++++ RECORDED INFORMATION

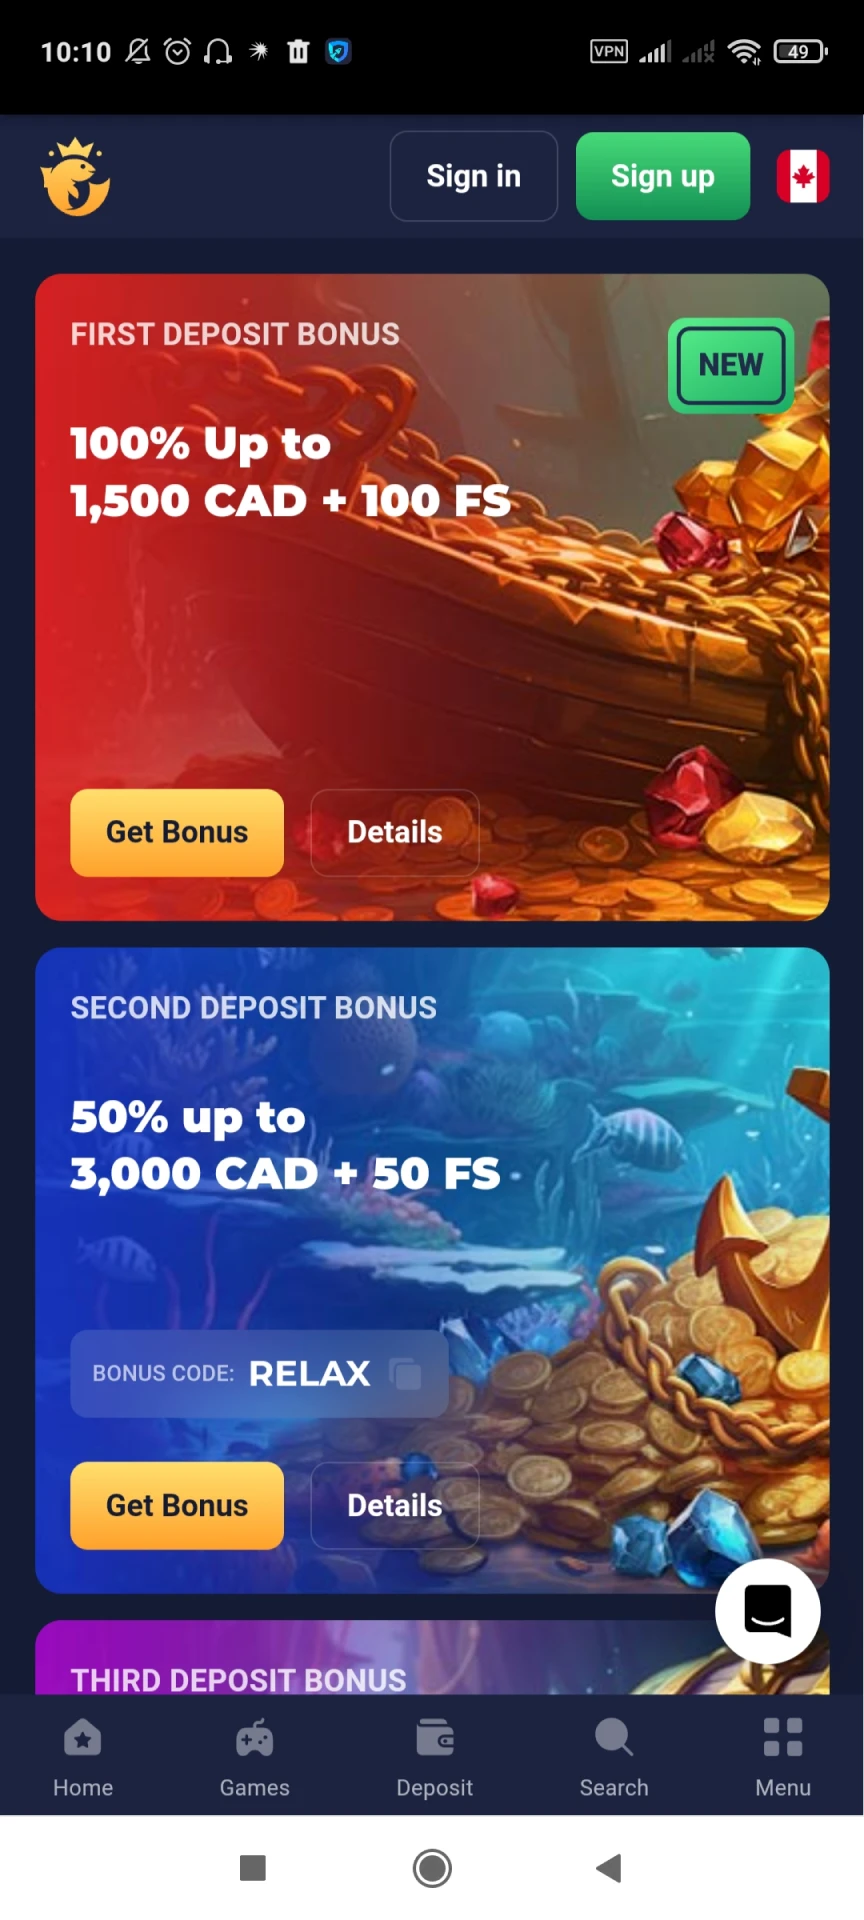 Visit the Joo Casino app bonuses page.
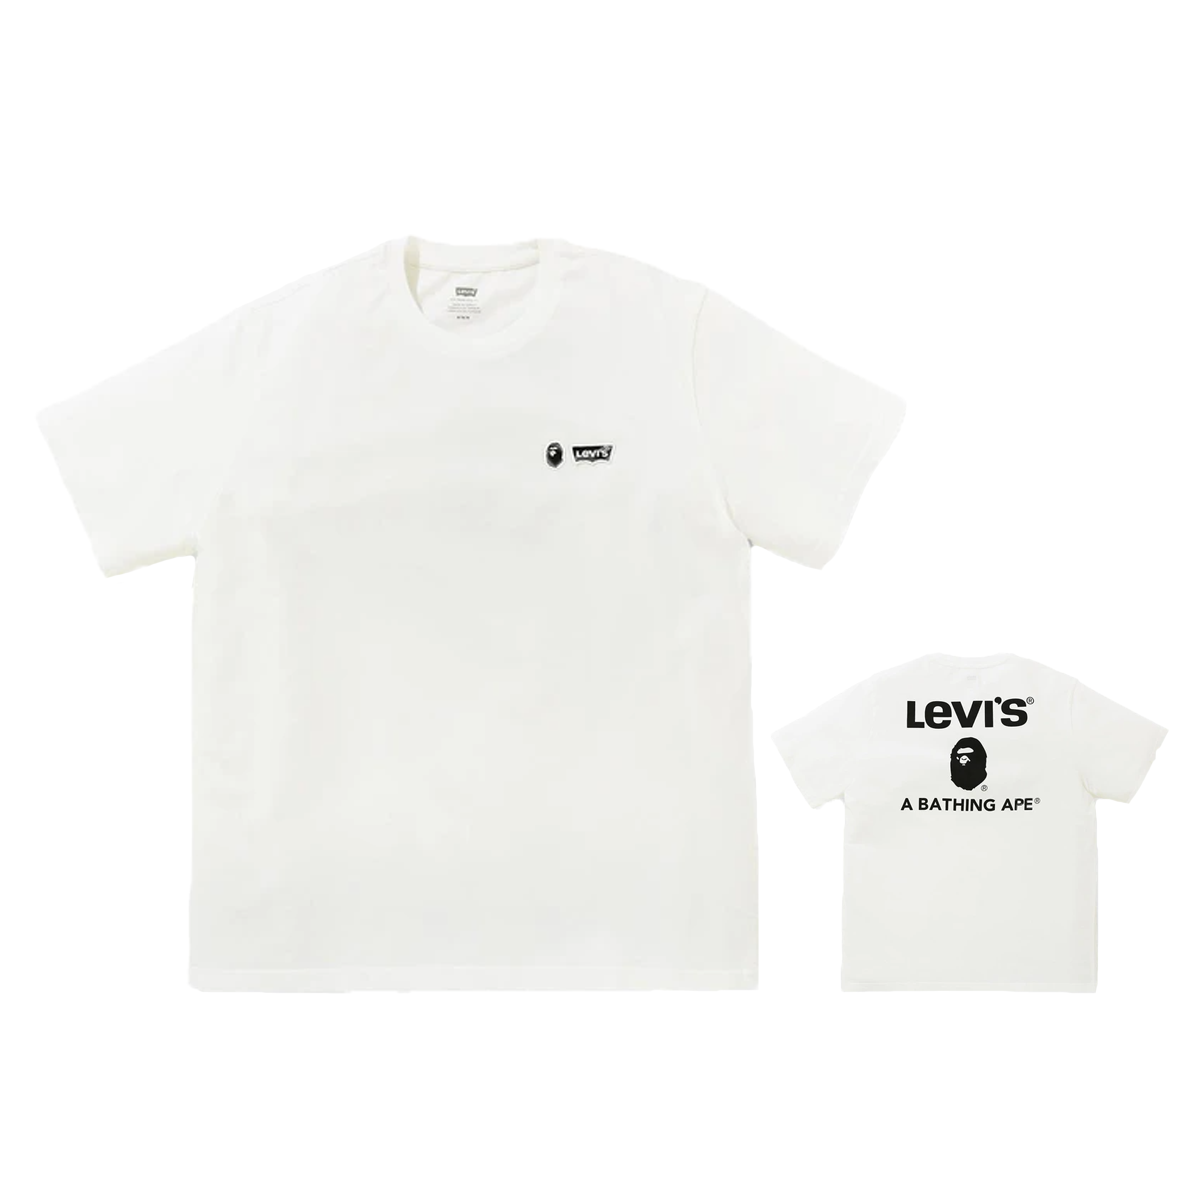 BAPE x Levi's A Bathing Ape T-Shirt Tee White | SS21 - KLEKT
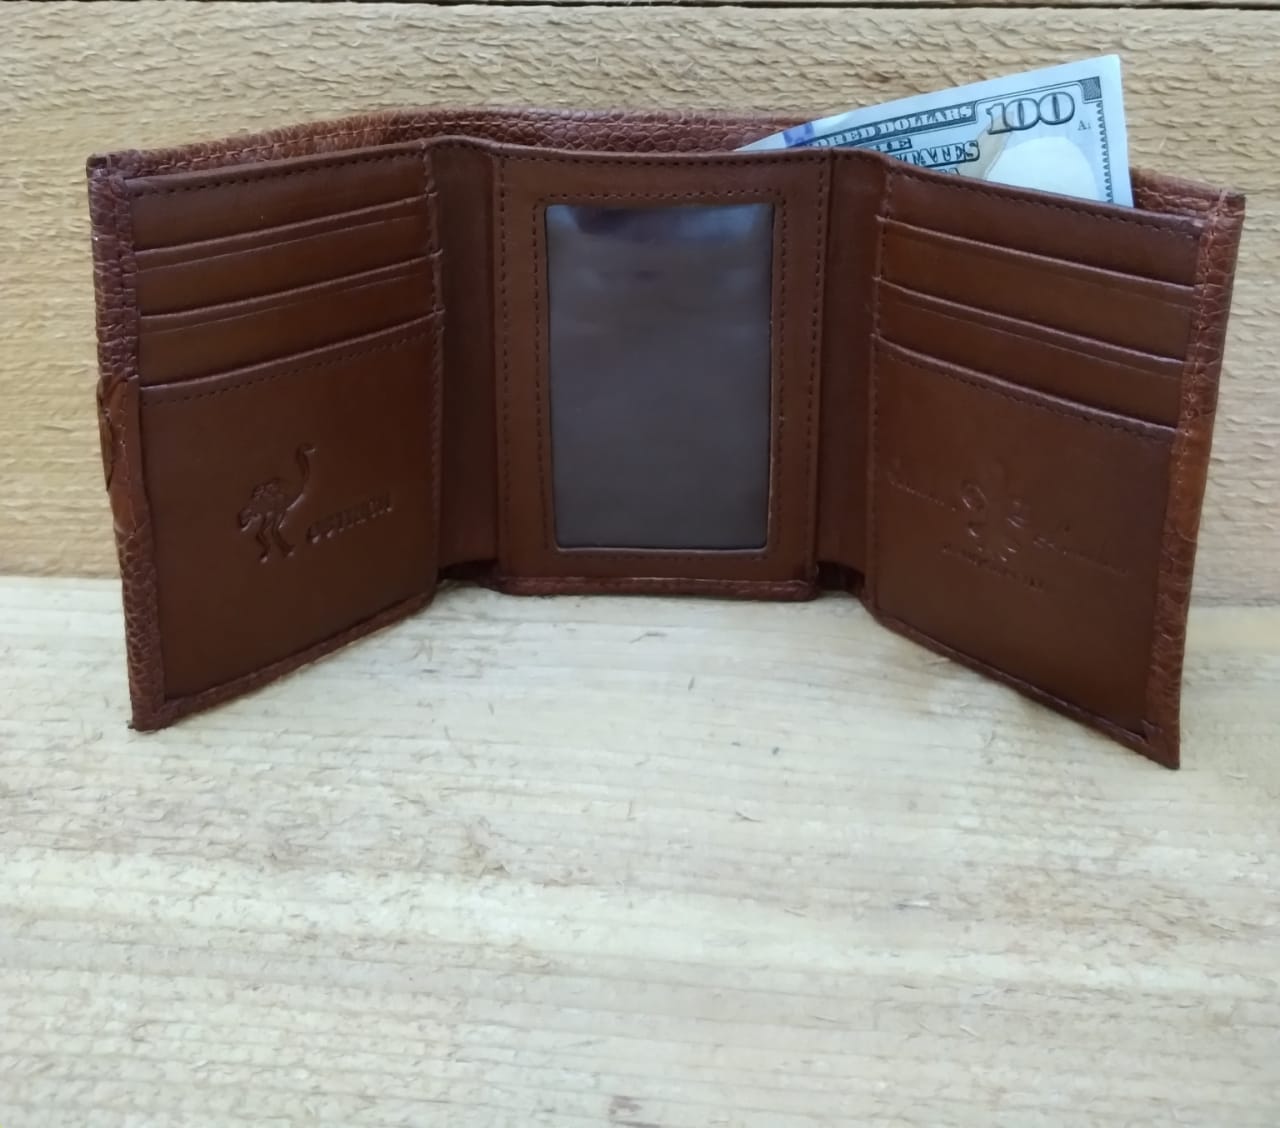 Pocket Secretary Cognac Ostrich Wallet

++++++++

Write down exactly the lines running from the line with "BAPE x Levi's" through the end of the material, both ends included, and none of the pictures.

 BAPE x Levi's A Bathing Ape T-Shirt Tee White | SS21 - KLEKT
 Pocket Secretary Cognac Ostrich Wallet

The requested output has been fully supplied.